= SUPPLIED INFORMATION =

<<<<

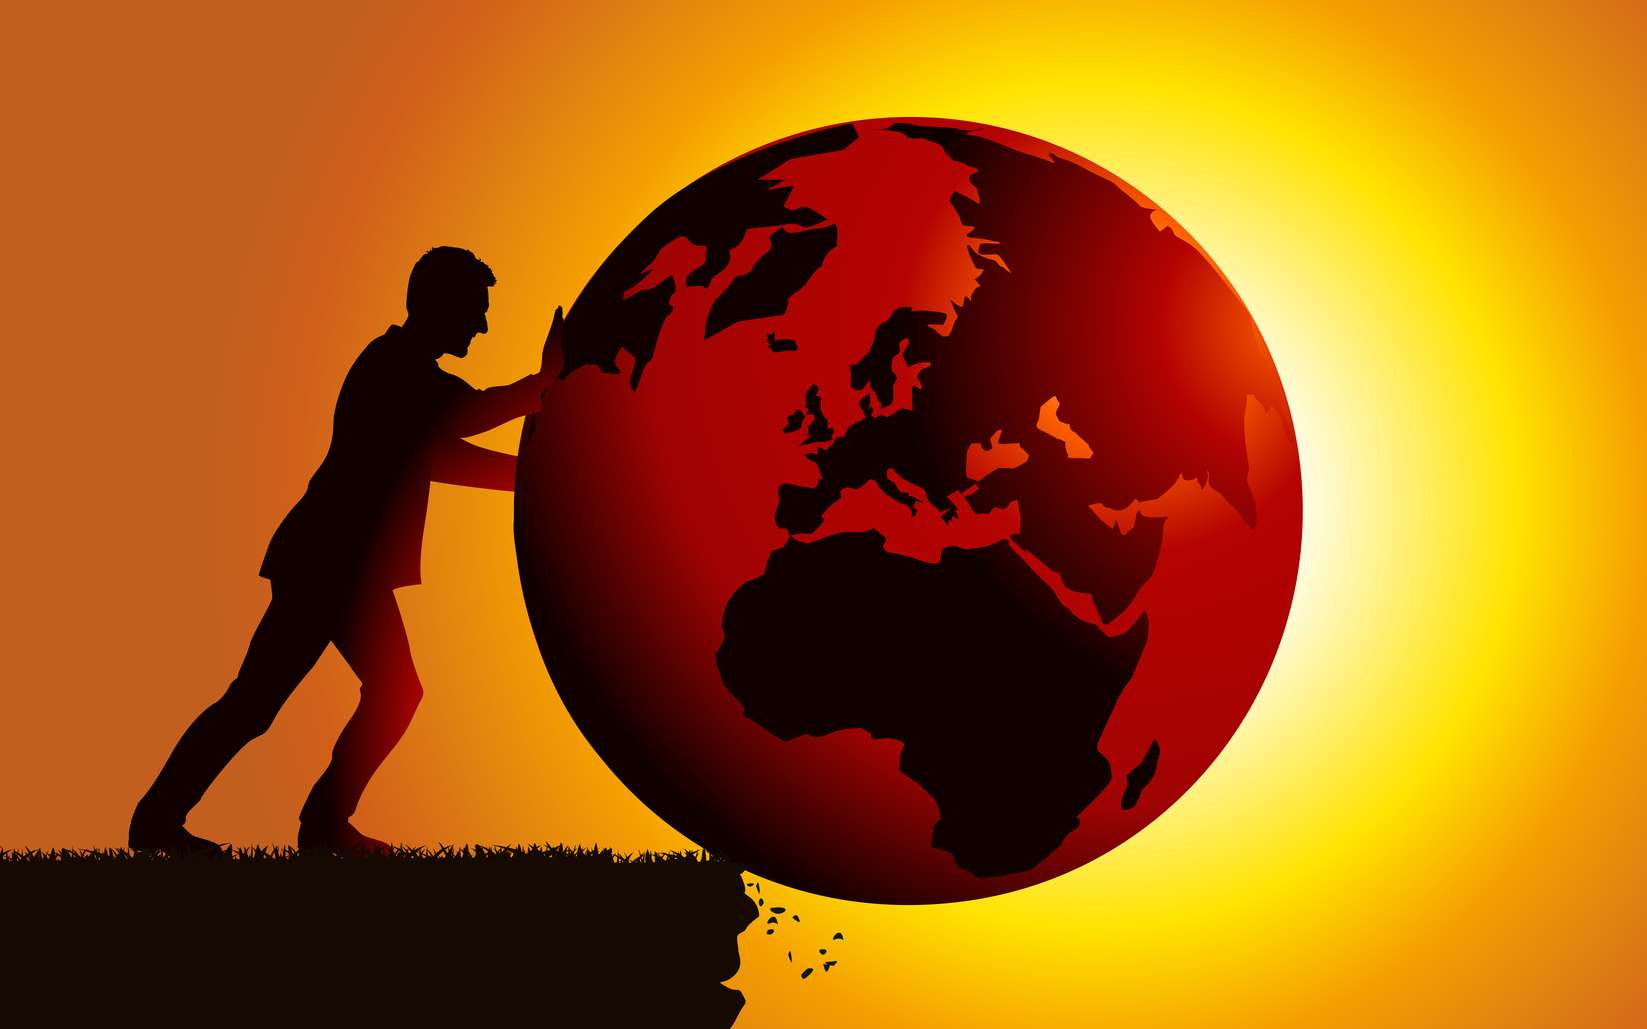 Dans une nouvelle étude, des chercheurs pensent que le point de rupture sera atteint lorsque la température de la Terre sera supérieure de 2 °C. © pict rider, fotolia
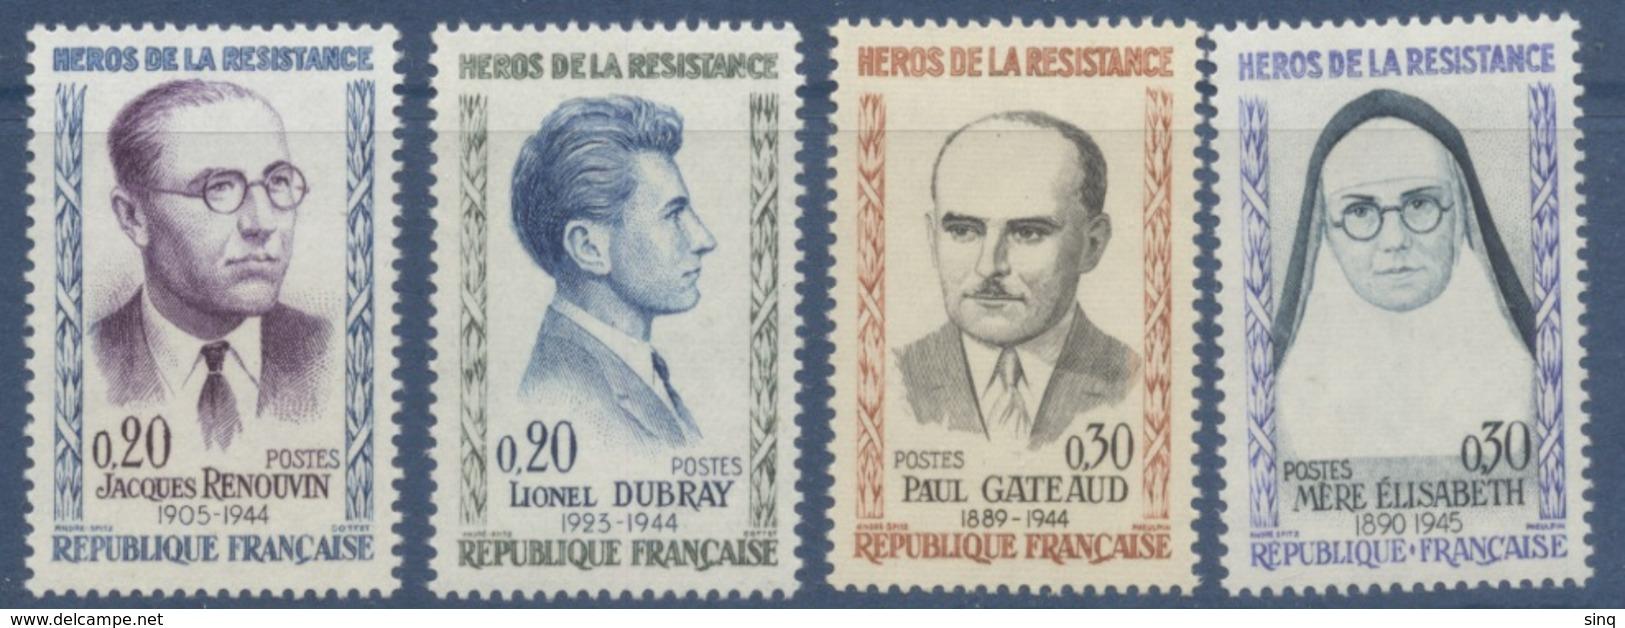 N° 1288 à 1291 Héros De La Résistance 5e Série - France
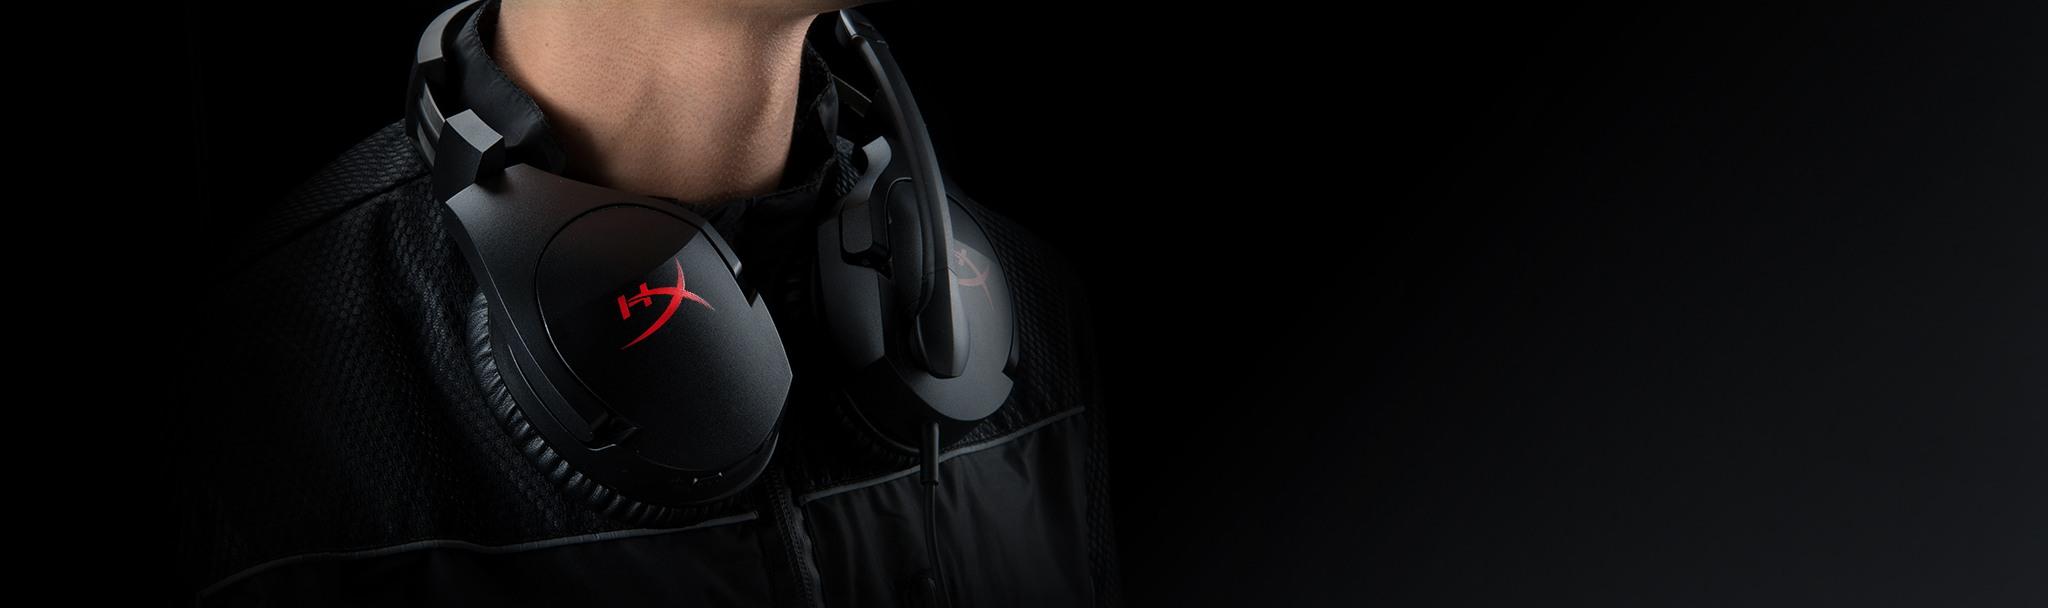 Tai nghe Kingston HyperX Cloud Stinger Gaming Black (HX-HSCS-BK/AS) có trọng lượng rất nhẹ

>>>>

= PROBLEM DESCRIPTION =
What is needed is an exact copy of all the data, with no images in it.

= SOLUTION FOR THIS PROBLEM =
 Dans une nouvelle étude, des chercheurs pensent que le point de rupture sera atteint lorsque la température de la Terre sera supérieure de 2 °C. © pict rider, fotolia
 N° 1288 à 1291 Héros De La Résistance 5e Série - France
 Tai nghe Kingston HyperX Cloud Stinger Gaming Black (HX-HSCS-BK/AS) có trọng lượng rất nhẹ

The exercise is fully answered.